No debate mais explícito sobre poesia cresce o prestígio de termos como
“organicidade”, “poder do diálogo”, “democracia”, “desburocratização”, “direitos
humanos”, “piquetes”, “bases” & outros que parecem lembrar o vocabulário que rege o
discurso político pós-78. O recorte de um Lula, a reforma partidária, a novidade das
associações de base. E, sobretudo, a rejeição dos aspectos passivos (?) da opção
marginal. A independência a serviço de um projeto explícito de mobilização popular. O
namoro e o receio com a velha apaixonante experiência dos CPCs.
Ao sem-número de questões sugeridas pelo simples enunciar da bandeira da
independência no ardiloso terreno da produção cultural, acrescente-se agora o perigoso
xadrez das relações do artista com o povo e da eficácia da literatura como instrumento
de transformação social.
Dada a extensão e dificuldade do problema, proponho ao leitor um pequeno teste.

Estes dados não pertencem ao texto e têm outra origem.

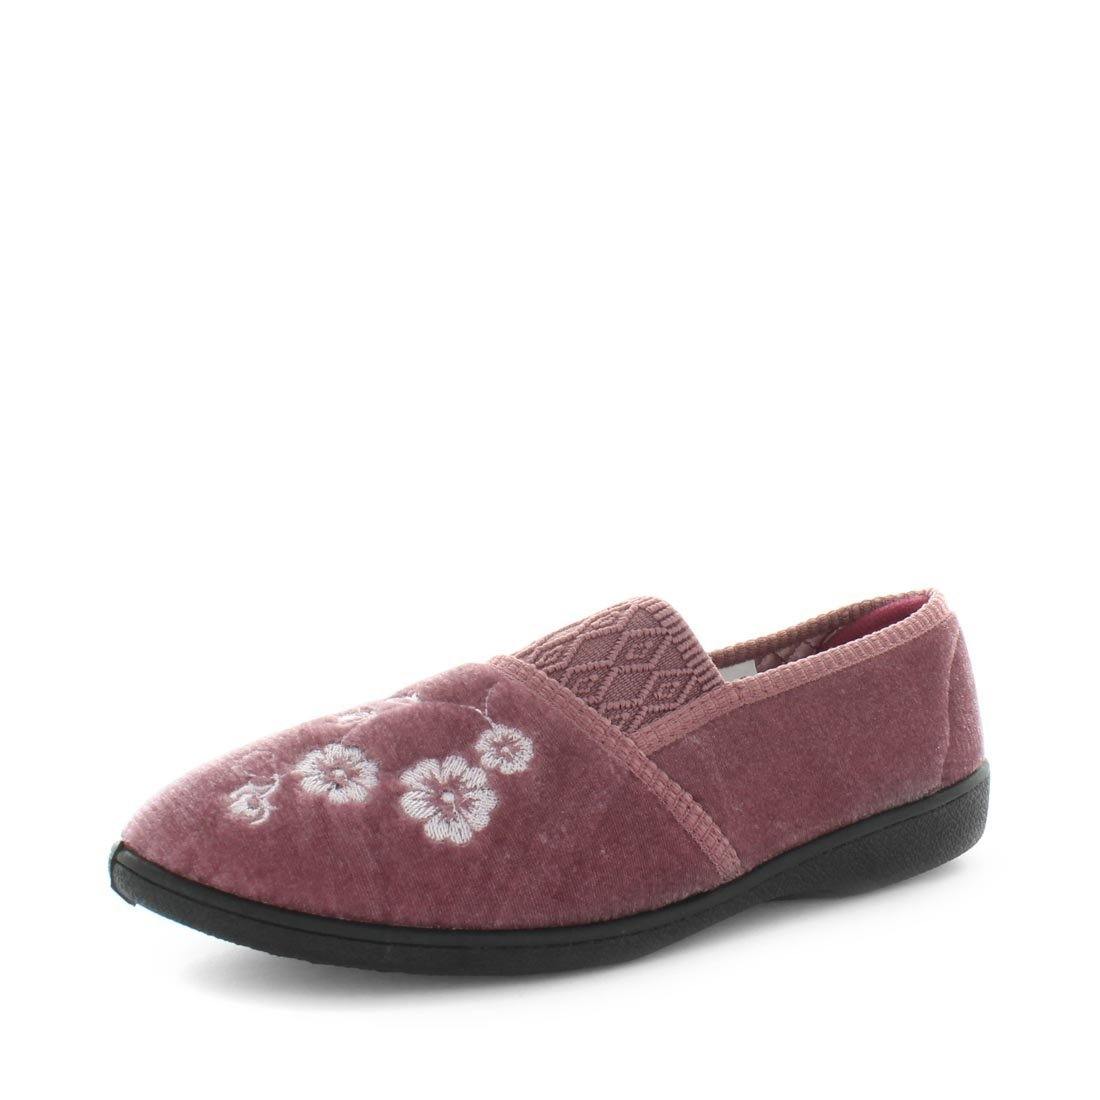 Load image into Gallery viewer, Elsah 3 by panda slippers - comfort steady womens slippers with floral printed deigned upper. comfort footbed and steady sole - womens slippers - indoor slippers - outdoor slippers - panda slippers

Responda a três das questões abaixo propostas por Glauber Rocha em seu último artigo,
publicado na revista Luz & Ação nº 1:
“Contradição: polityka kultural: qual é a cultura da revolução? A incultura subversiva
popular ou a cultura subversiva dos intelectuais? Até que ponto a incultura subversiva
popular se identifica à cultura subversiva dos intelectuais? Quem são os intelectuais:
operários da cultura? Produtores da cultura revolucionária que é a cultura desejada pela
incultura subversiva popular? A cultura subversiva popular é uma incultura? É acto
culto subverter o poder? A cultura é uma palavra de classe? A cultura é a filosofia de
uma civilização? Quem faz a filosofia de uma barbárie revolucionária? O povo
ignorante que faz a revolução? Mas quem dirige o povo no caminho revolucionário?”